Header Leaderboard Ad

Collapse

Tech Summary: ABI's SOLiD (Seq. by Oligo Ligation/Detection), UPDATED for v2.0

Collapse

Announcement

Collapse
No announcement yet.
This is a sticky topic.
X
X
 
  • Filter
  • Time
  • Show
Clear All
new posts

  • Tech Summary: ABI's SOLiD (Seq. by Oligo Ligation/Detection), UPDATED for v2.0


    Applied Biosystems has just launched their instrument, which supports their version of high-throughput sequencing chemistry, termed “SOLiD™” (little “i”, please). Acquired from Agencourt Personal Genomics in late 2006, SOLiD is a unique parallel chemistry which enables simultaneous sequencing of thousands of individual DNA molecules.

    Here I will present a brief overview of the technology, aimed at those who haven’t had time to become intimately familiar with the chemistry. Figures and information taken directly from this presentation from ABI’s website.

    Sequencing on the SOLiD machine starts with library preparation. In the simplest fragment library, two different adapters are ligated to sheared genomic DNA (left panel of Fig. 1). If more rigorous structural analysis is desired, a “mate-pair” library can be generated in a similar fashion, be incorporating a circularization/cleavage step prior to adapter ligation (right panel of Fig.1).


    Figure 1. Library generation schematic.

    Once the adapters are ligated to the library, emulsion PCR is conducted using the common primers to generate “bead clones” which each contain a single nucleic acid species.


    Figure 2. Clonal bead library generation via emulsion PCR.

    Each bead is then attached to the surface of a flow cell via 3’ modifications to the DNA strands.


    Figure 3
    . Depositing beads into flow cell via end modifications.

    At this point, we have a flow cell (basically a microscope slide that can be serially exposed to any liquids desired) whose surface is coated with thousands of beads each containing a single genomic DNA species, with unique adapters on either end. Each microbead can be considered a separate sequencing reaction which is monitored simultaneously via sequential digital imaging. Up to this point all next-gen sequencing technologies are very similar, this is where ABI/SOLiD diverges dramatically (see figure 4).
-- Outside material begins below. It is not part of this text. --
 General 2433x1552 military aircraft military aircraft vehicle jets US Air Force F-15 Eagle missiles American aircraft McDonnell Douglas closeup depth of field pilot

    Figure 4. Schematic of ABI SOLiD v2.0 sequencing chemistry. SOLiD 2.0 chemistry utilizes 1/2 encoding (meaning bases 1/2 of the probe are the specific bases linked to the colorspace calls). The original version of the chemistry used 4,5 encoded probes.
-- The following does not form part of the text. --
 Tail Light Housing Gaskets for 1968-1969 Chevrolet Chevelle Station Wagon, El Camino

    The actual base detection is no longer done by the polymerase-driven incorporation of labeled dideoxy terminators. Instead, SOLiD uses a mixture of labeled oligonucleotides and queries the input strand with ligase. Understanding the labeled oligo mixture is key to understanding SOLiD technology.

    Each oligo has degenerate positions at bases 3-5 (N’s), and one of 16 specific dinucleotides at positions 1-2 (numbered from the 3' end). Positions 6 through the 5’ are also degenerate (likely inosine, not confirmed), and hold one of four fluorescent dyes. The sequencing involves:
    1. Anneal a primer, then hybridize and ligate a mixture of fluorescent oligos (8-mers) whose 1st & 2nd 3' bases match that of the template
    2. Capping unextended fragments with the same mixture of nonfluorescent probes
    3. Phosphatase treatment to prevent any remaining unextended strands from contributing to out of phase ligation events
    4. Detection of the specific fluor
    5. Removal of fluor via two step chemical cleavage of the three 5' bases. This leaves behind a 5 base ligated probe, with a 5' phosphate
    6. Repeat, this time querying the 6th & 7th bases
    7. After 5-7 cycles of this, perform a “reset”, in which the initial primer and all ligated portions are melted from the template and discarded.
    8. Next a new initial primer is used that is N-1 in length. Repeating the initial cycling (steps 1-5) now generates an overlapping data set (bases 1/2, 6/7, etc, see Fig 4, Step 8 above).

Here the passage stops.